Uma das tarefas essenciais do Estado é regular a conduta dos cidadãos

por meio de normas objetivas sem as quais a vida em sociedade seria

praticamente impossível. São assim estabelecidas regras para

regulamentar a convivência entre as pessoas e as relações destas com o

próprio Estado, impondo aos seus destinatários determinados deveres,

genéricos e concretos, aos quais correspondem os respectivos direitos ou

poderes das demais pessoas ou do Estado. Esse conjunto de normas,

denominado direito objetivo, exterioriza a vontade do Estado quanto à

regulamentação das relações sociais, entre indivíduos, entre organismos

do Estado ou entre uns e outros.

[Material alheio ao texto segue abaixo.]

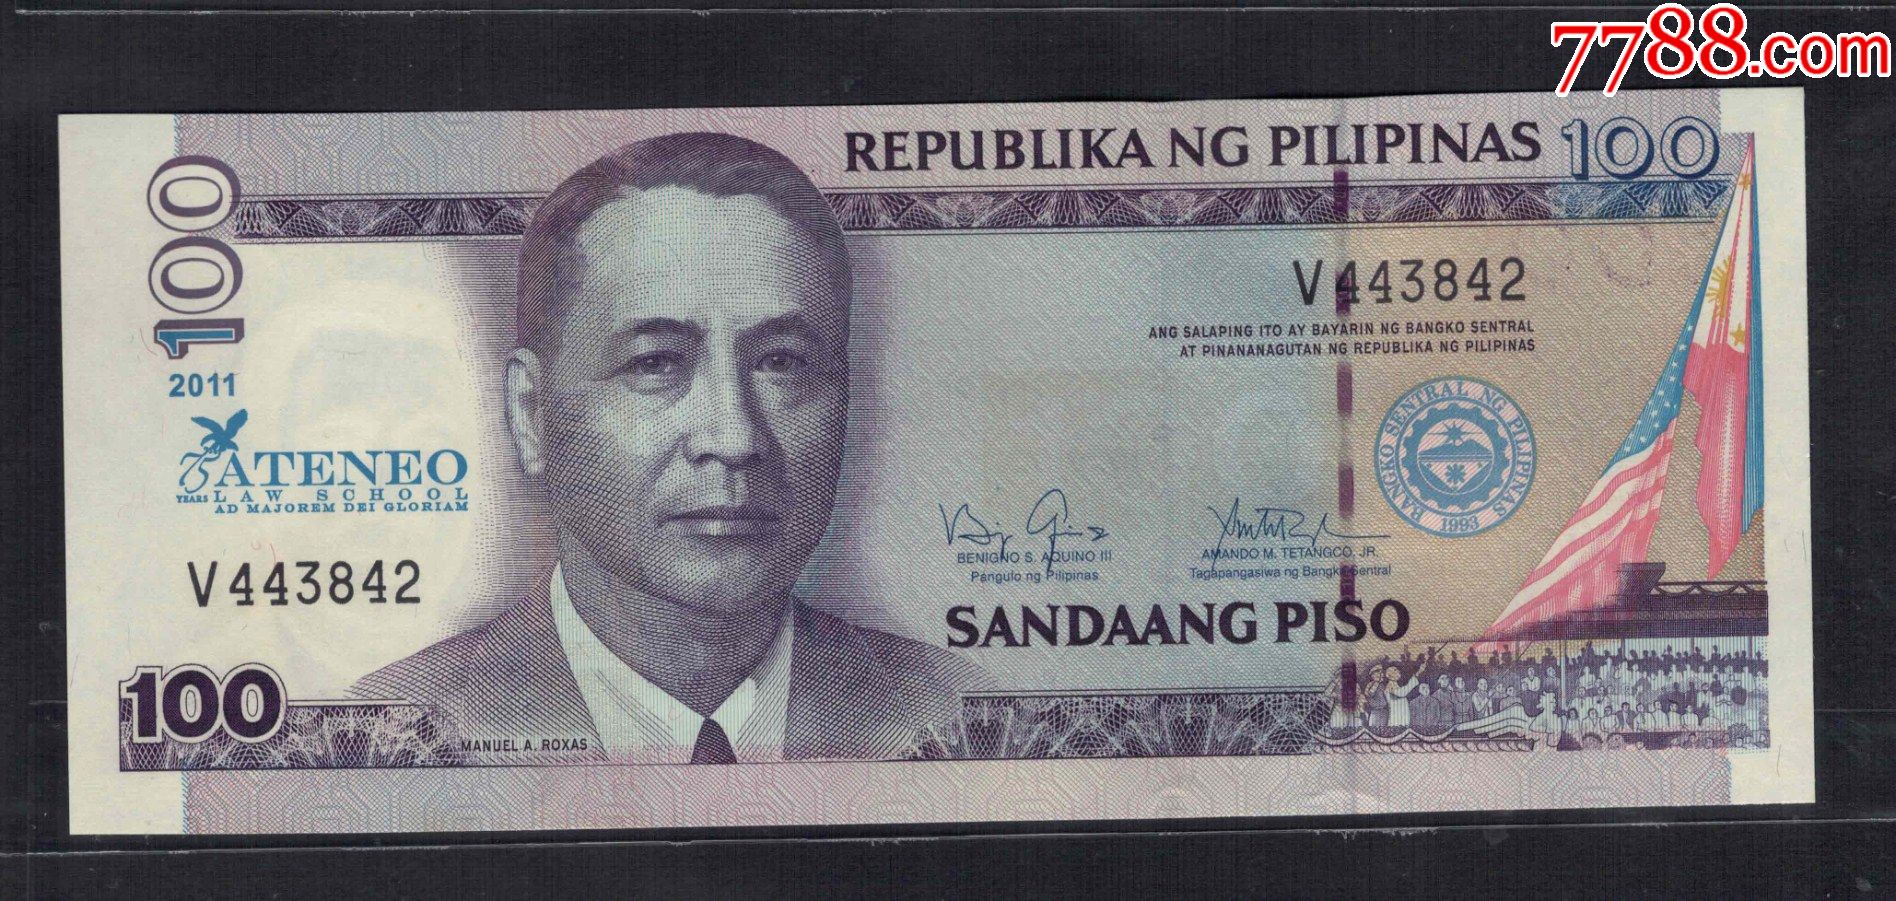 中国银行获中国人民银行正式授权将担任菲律宾人民币业务清算行

Disso resulta que é lícito um

comportamento que está autorizado ou não está vedado pelas normas

jurídicas. Essa possibilidade de comportamento autorizado constitui o

direito subjetivo, faculdade ou poder que se outorga a um sujeito para a

satisfação de seus interesses tutelados por uma norma de direito objetivo.

Mas o direito objetivo, ao mesmo tempo em que possibilita as atividades

lícitas, é um sistema de limites aos poderes e faculdades do cidadão, que

está obrigado pelo dever de respeito aos direitos alheios ou do Estado.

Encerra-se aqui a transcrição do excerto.